With VLF Automotive, Bob Lutz is finally getting his wish.
After nearly five decades working in the auto industry for BMW, Ford, Chrysler and General Motors, the product development guru has his name -- or at least a piece of it -- on a car.
The L in VLF belongs to Lutz. The other initials are for CEO Gilbert Villarreal, a manufacturing executive with aircraft, marine and automotive experience; and head of design Henrik Fisker, the designer who rose to fame at BMW and Aston Martin. Fisker is, of course, most recently associated with the failed Karma hybrid sedan -- a vehicle he is not quite finished with yet. But before that, Fisker was the designer responsible for elegant BMW Z8 roadster and Aston Martin’s DB9 and V8 Vantage supercars.
Lutz is chairman of VLF Automotive. He told me last week that he and his partners believe they’ll avoid the fate of the dozens of upstart boutique automakers who tried and failed to sell expensive cars to rich people.
On Thursday, just north of Detroit in Auburn Hills, Mich., Lutz held court at VLF’s plant and explained the company’s business model. VLF believes it has identified a niche and a way to serve it by creating expensive, exclusive ultralow-volume performance cars. VLF, Lutz says, can do this AND make money.
We’ll see. Though the odds are long, no one has tried quite the way VLF is going about it. And it is a Lutz-backed venture. Few product development executives have had as much success as Lutz.
Auburn Hills is where VLF makes its four-vehicle lineup: the Destino, a sort of four-door Corvette; the Force 1, a highly modified Dodge Viper; the Firefly, a small electric vehicle for municipalities; and a customized Mustang.

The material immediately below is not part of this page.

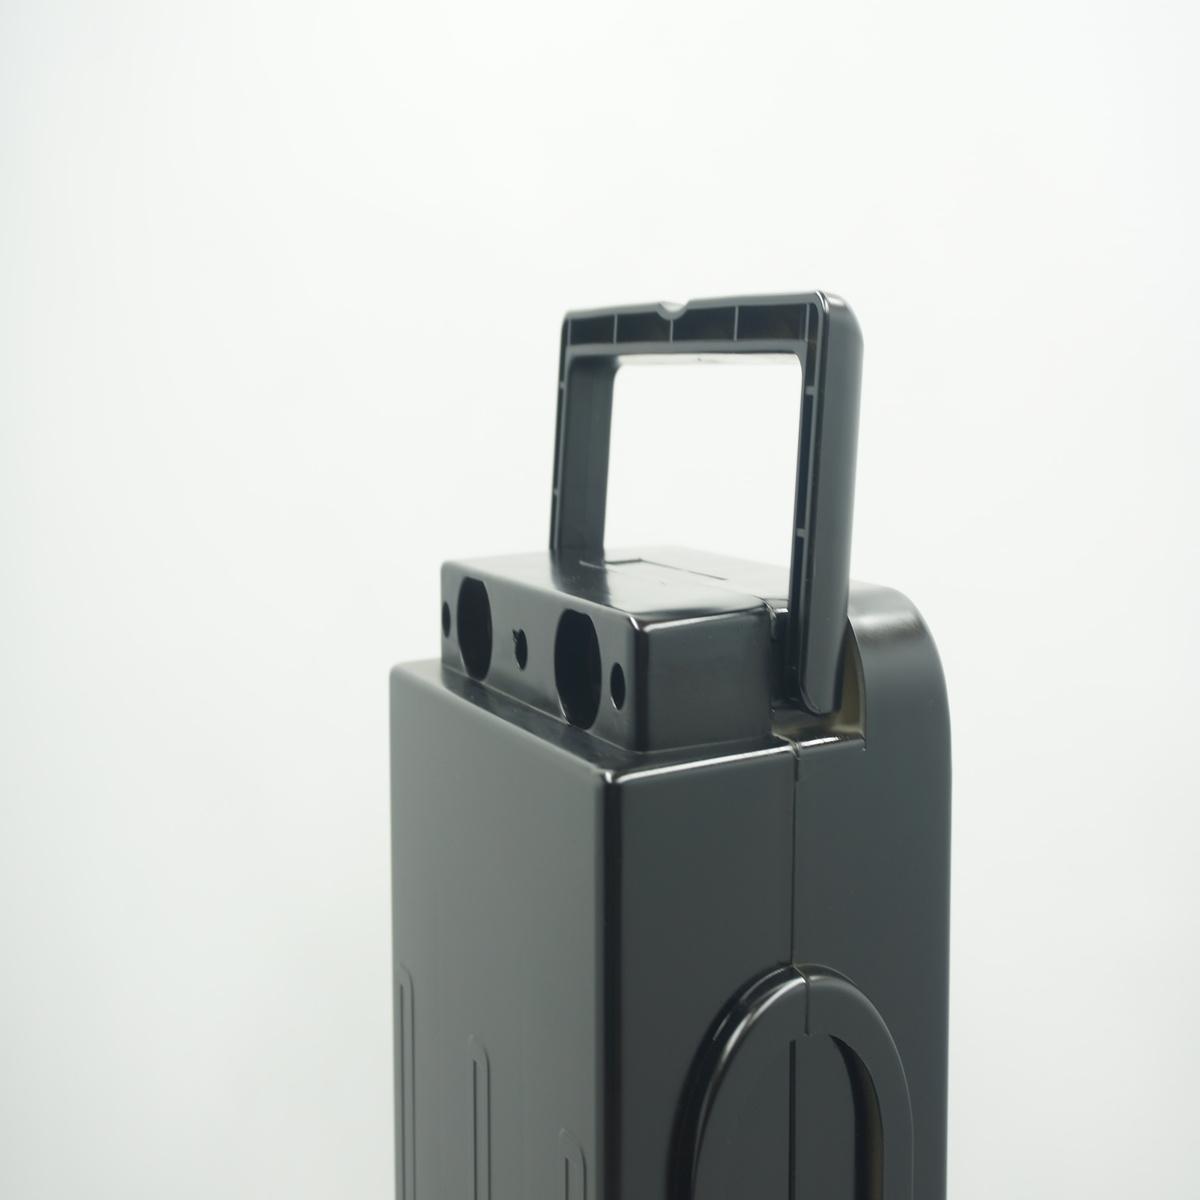 Caixa de Bateria MAXX (S/Componentes)

Lutz describes VLF’s business model like this: The company starts with a car that has been certified to meet federal safety and emissions standards, and modifies it so much that it is transformed. The Destino, VLF’s first vehicle, provided the template.
VLF bought a couple dozen used and unsold Fisker Karmas, removed the gasoline-electric powertrain, heavy battery pack and power electronics and then re-engineered the car. Out went the four-cylinder engine, electric motor, battery pack and power electronics. In came the powertrain from the previous generation Chevrolet Corvette ZR1. That’s a supercharged, 638-hp, 6.2-liter V-8 mated to a rear-mounted six-speed automatic transmission. The front and rear fascias were changed and the interior tidied up.
Ditching the Karma’s hybrid powertrain shaved about 1,100 pounds off the Karma and dramatically improved its performance and handling, Lutz says. The company had to submit to EPA emissions testing, but not safety testing.
“Every other startup goes out and gets a bunch of money, like Fisker and Tesla, and all the failed electric car companies. And then they put in a huge staff like a regular automobile company,” Lutz told me. “And they have a PR staff and an HR department and they have this incredible cash burn. And by the time they launch the car, if the volume isn’t there, it collapses.”